>>>
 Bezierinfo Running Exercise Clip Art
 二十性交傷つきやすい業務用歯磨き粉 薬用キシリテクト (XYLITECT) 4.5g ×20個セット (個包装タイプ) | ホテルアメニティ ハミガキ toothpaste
<<<
>>>
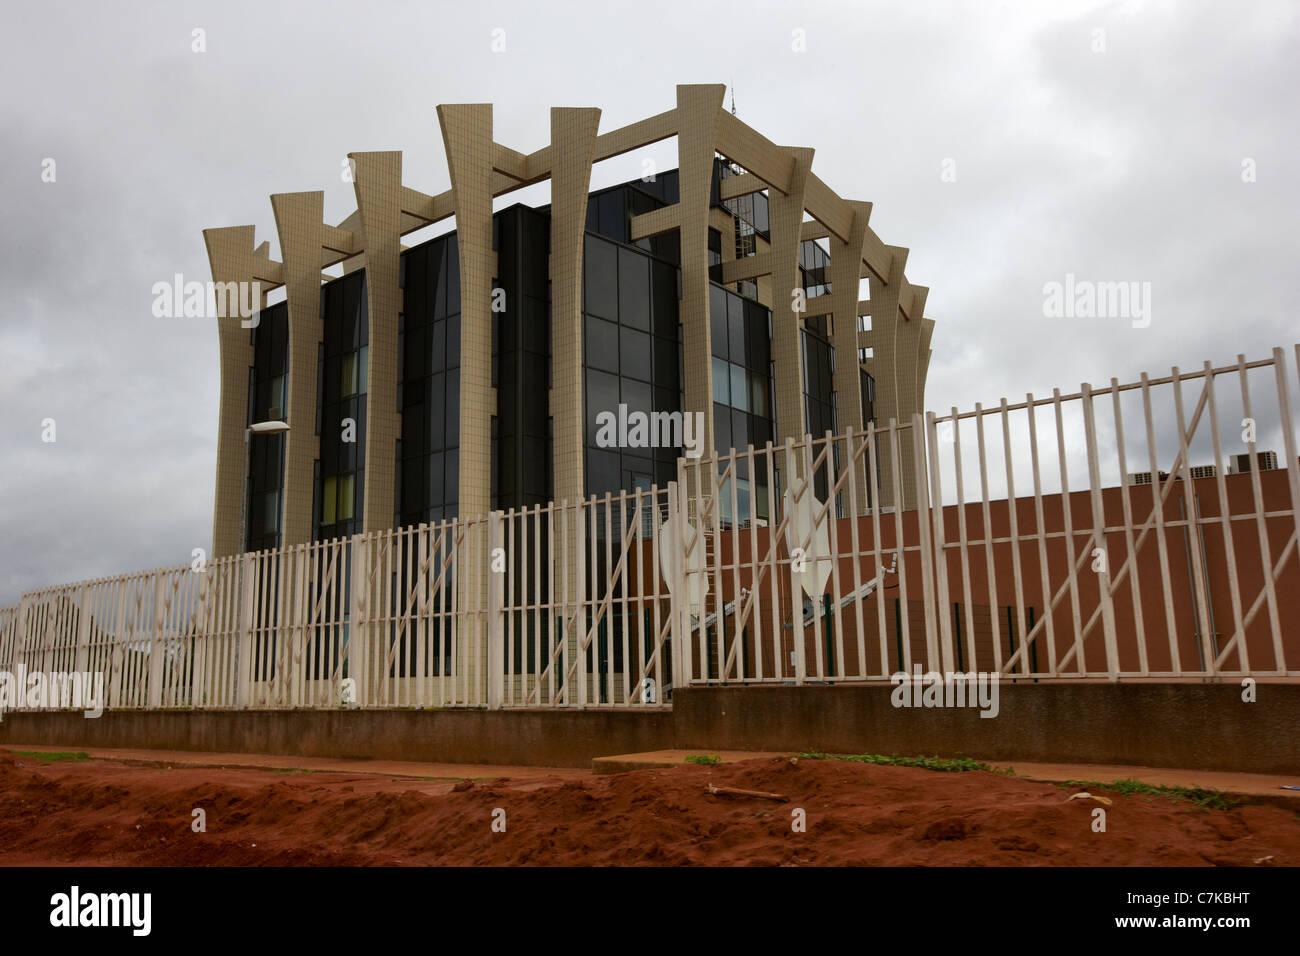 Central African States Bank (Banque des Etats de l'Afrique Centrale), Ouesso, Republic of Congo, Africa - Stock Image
<<<
>>>
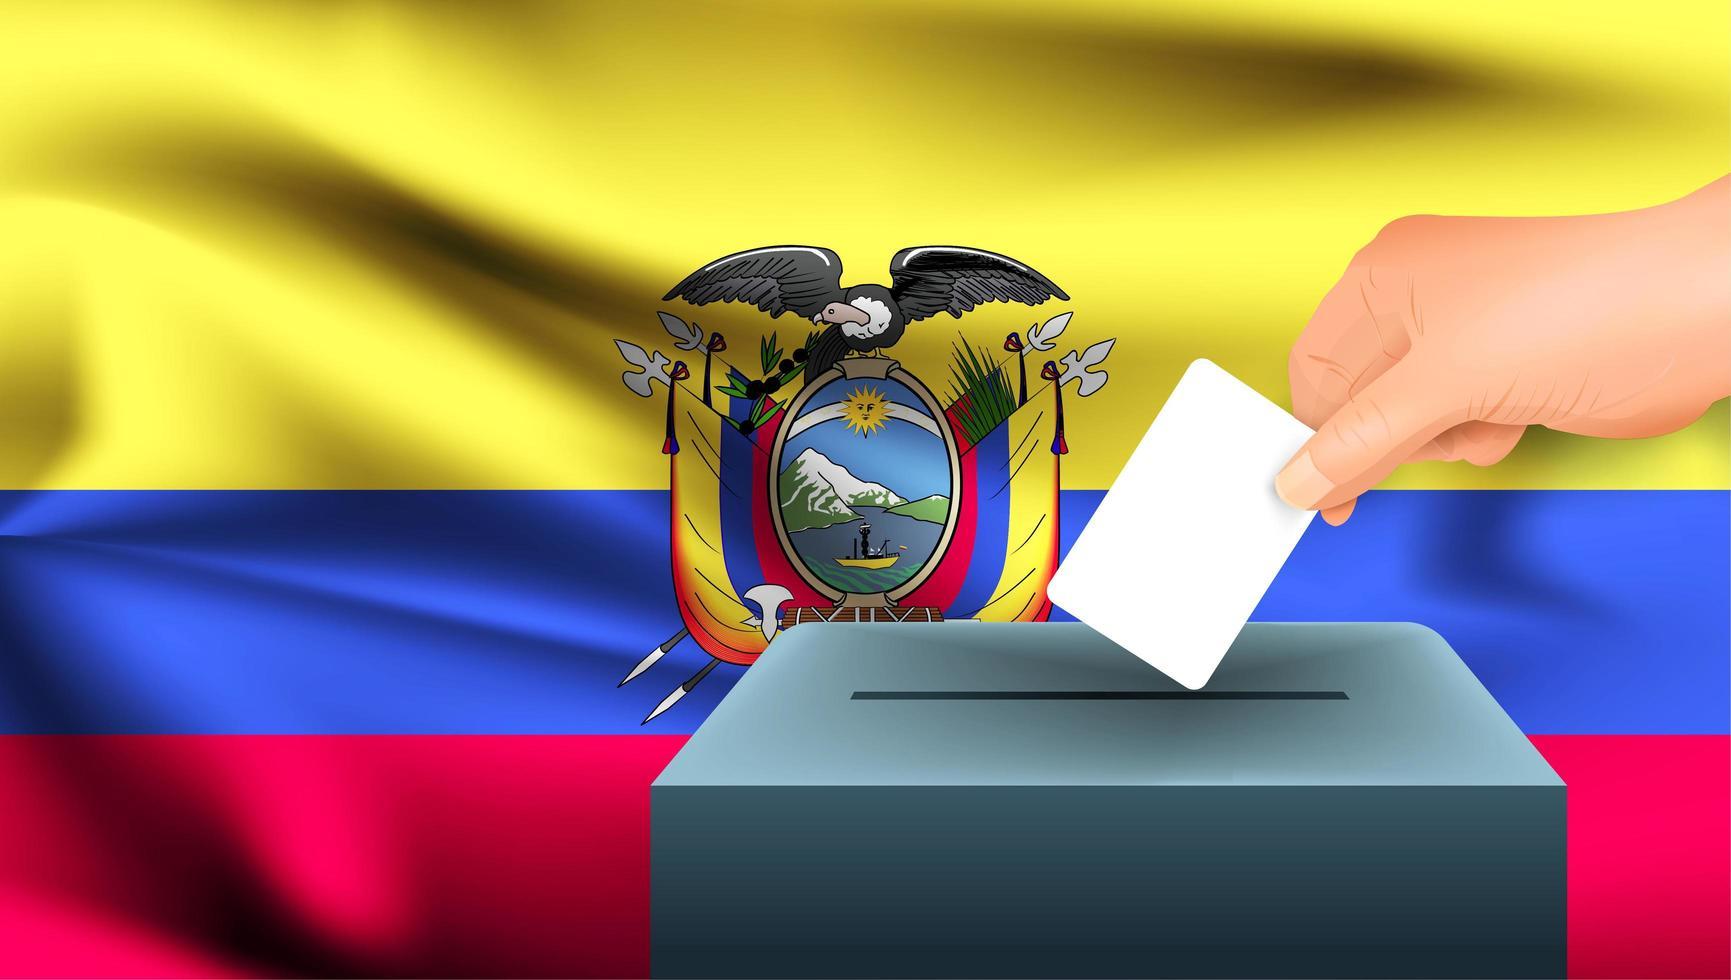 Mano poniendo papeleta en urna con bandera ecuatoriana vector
<<<
**About this task:**
Would you please repeat exactly the lines above, starting at the line with "Bezierinfo Running Exercise Clip Art" and stopping at the line with "二十性交傷つきやすい業務用歯磨き粉 薬用キシリテクト (XYLITECT)", both included?

**Solution to this exercise:**
 Bezierinfo Running Exercise Clip Art
 二十性交傷つきやすい業務用歯磨き粉 薬用キシリテクト (XYLITECT) 4.5g ×20個セット (個包装タイプ) | ホテルアメニティ ハミガキ toothpaste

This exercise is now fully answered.